This NGO is Using Bacteria-infected Mosquitoes to Curb Spread of Dengue
This NGO is Using Bacteria-infected Mosquitoes to Curb Spread of Dengue
The reported dengue cases increased from 2.2 million in 2010 to over 3.34 million in 2016 and the numbers are only expected to go up due to climate changes and other factors.

Earlier this year, a team of international researchers warned that dengue, chikungunya, zika, malaria and other mosquito-borne diseases would pose a threat to 49 percent of the world’s population. With no specific treatment available, communities across the world have long depended on various measures for protection from mosquitoes to keep these potentially-lethal mosquito-borne diseases under check.

One estimate, cited by the World Health Organization, indicates 390 million dengue infections per year, of which 96 million manifests clinically. Another study, also cited by the global health body, estimates that 3.9 billion people, in 128 countries, are at the risk of contracting dengue infections.

The reported dengue cases increased from 2.2 million in 2010 to over 3.34 million in 2016 and the numbers are only expected to go up due to climate changes and other factors.

So are traditional mosquito-curbing methods like chemical spraying past their expiry date?

Professor Scott O’Neill, a microbiologist and the director of the World Mosquito Program, a non-profit organization fighting for the eradication of mosquito-borne diseases, certainly thinks so.

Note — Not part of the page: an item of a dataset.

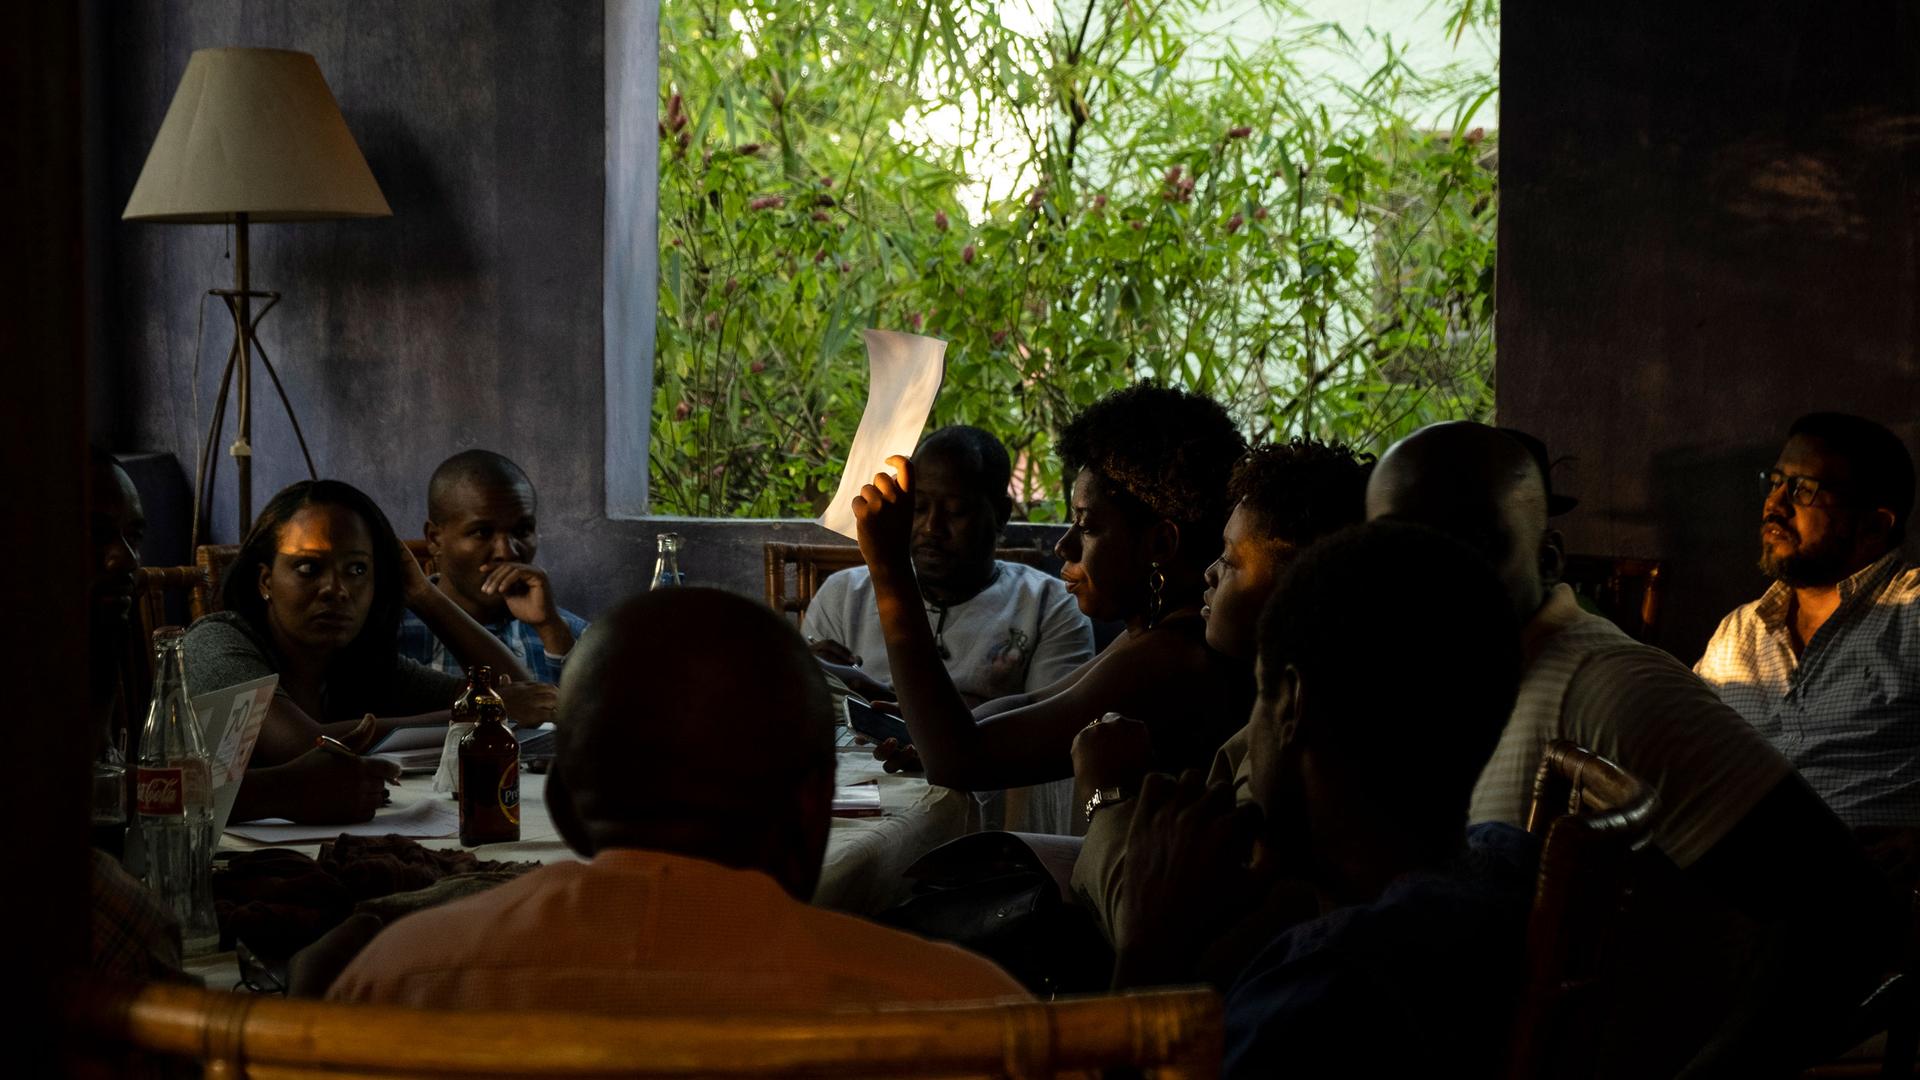 A group of young Haitians are shown sitting around a table in a room without glass in the windows.

“You have to only spend a short amount of time in any growing, tropical, large city and imagine that you're going to have to find all the pools of water where mosquitoes are breeding, and you can understand the enormity of it and how impossible it is to try to remove them all,” Asia News Network quoted O’Neill as saying in a recent report.

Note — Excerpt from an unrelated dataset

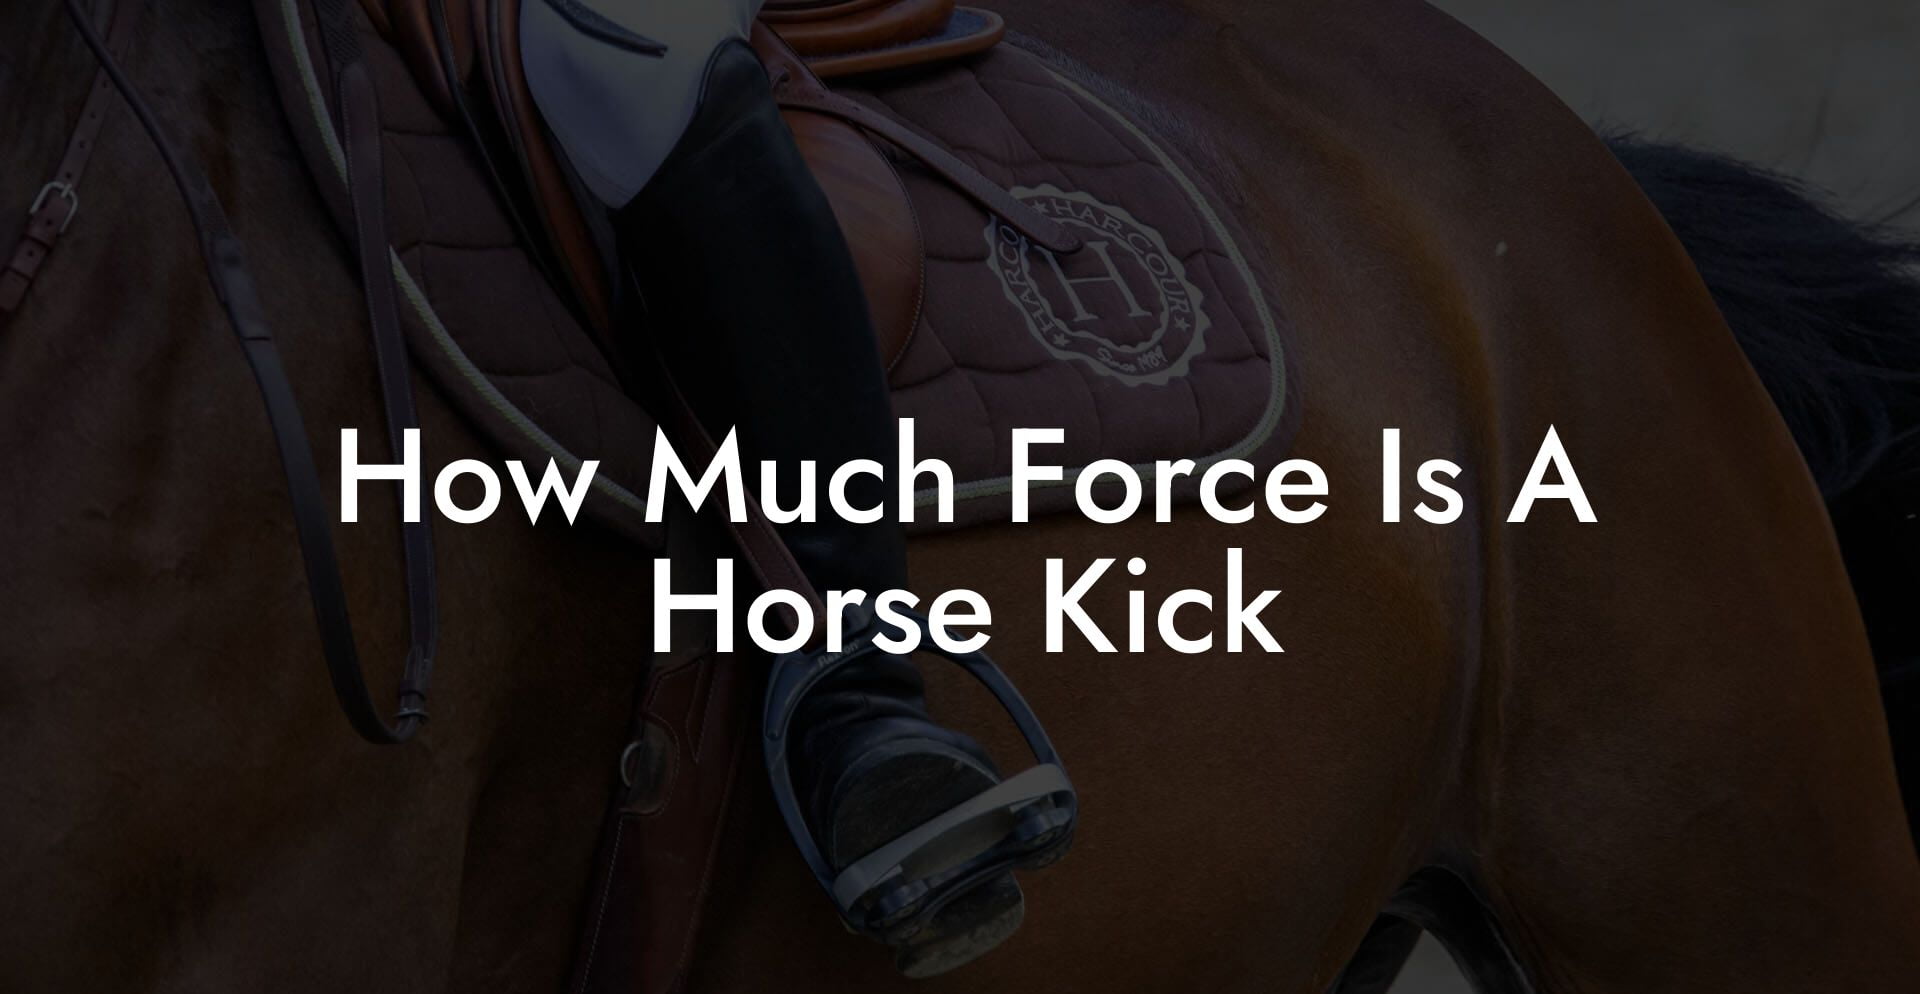 How Much Force Is A Horse Kick

"What we know is that the mosquitoes that transmit dengue are progressively getting more and more resistant to the chemicals they use for control. Eventually very few of those chemicals are going to work very well anymore,” he reckons.

Instead, O’Neill believes, the World Mosquito Program’s strategy of relying on a bacteria called Wolbachia that’s found naturally in 60 percent of insect species could provide an alternative.

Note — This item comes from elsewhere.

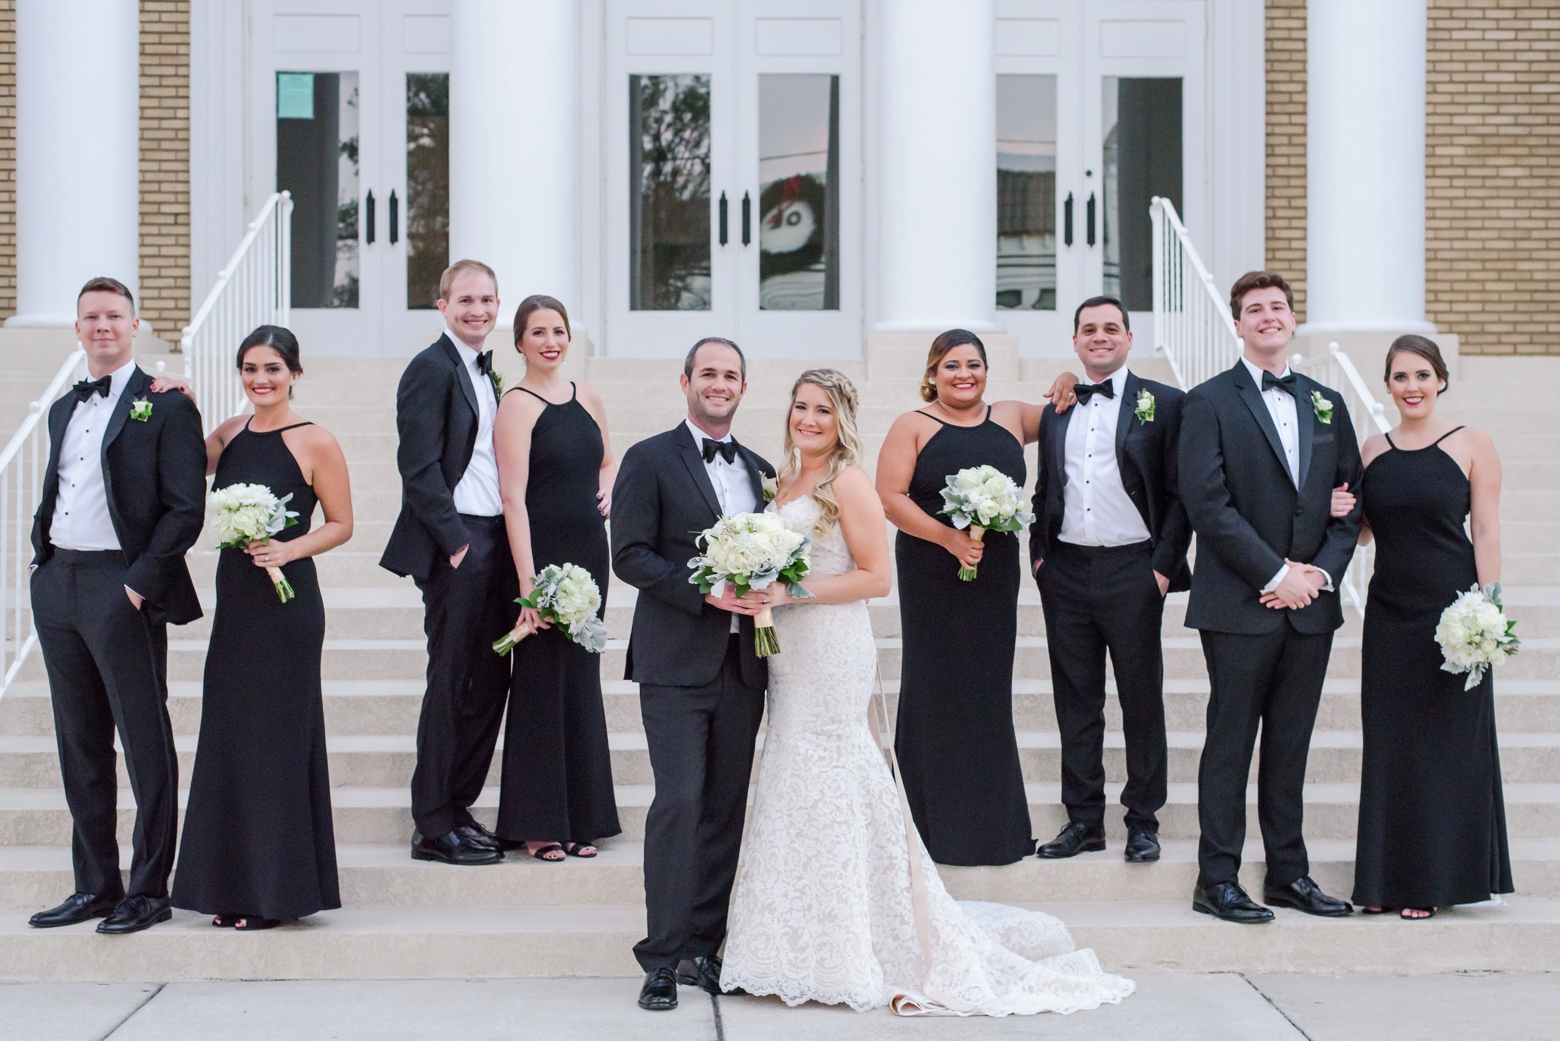 The Bridal Party pose on the steps of a building in Downtown Tampa, FL

Scientists have found that when the Wolbachia is introduced into the Aedes aegypti, the primary mosquito that transmits dengue, it prevents the dengue virus from being able to replicate and grow.

That means fewer chances of the mosquito passing the dengue virus to humans.

“The World Mosquito Program seeds a local area by releasing lab-raised mosquitos that have been given the Wolbachia bacteria,” according to the report.

“We don't operate under the assumption that just because scientists think the intervention is good that communities should just accept it,” said O’Neill.

“And if communities are not wanting, even if the government has approved it, then we don't deploy,” he added.

The program has already shown remarkable results in northern Australia, where Wolbachia- infected mosquitoes have reduced transmission of dengue by about 98 percent since 2011.

The largest World Mosquito Program project is currently underway in Indonesia’s Yogyakarta city.

"It's probably the largest mosquito-based clinical trial for dengue that's ever been done," said O’Neill.

The World Mosquito Program, working in tandem with Gadjah Mada University, has divided the city into 24 square kilometer clusters, 12 of which have received the Wolbachia-treated mosquitos.

When the people in a cluster report to clinics and hospitals with a fever, they’re tested for dengue and made part of the study.

Patients who test negative for dengue are placed in the control group. Those who are detected with dengue are placed in the intervention group and tracked to see if they live in a treated or untreated area of the city.

Although the results of this blind study aren’t expected until the end of 2020, a simple comparison of one area of the city with Wolbachia mosquitoes to another area without those mosquitoes, suggests the intervention has led to an 80 percent reduction in dengue transmission.

“We have put the intervention to over 3 million people and our goal in the next 5 years is to expand that to be over 100 million people,” said O’Neill.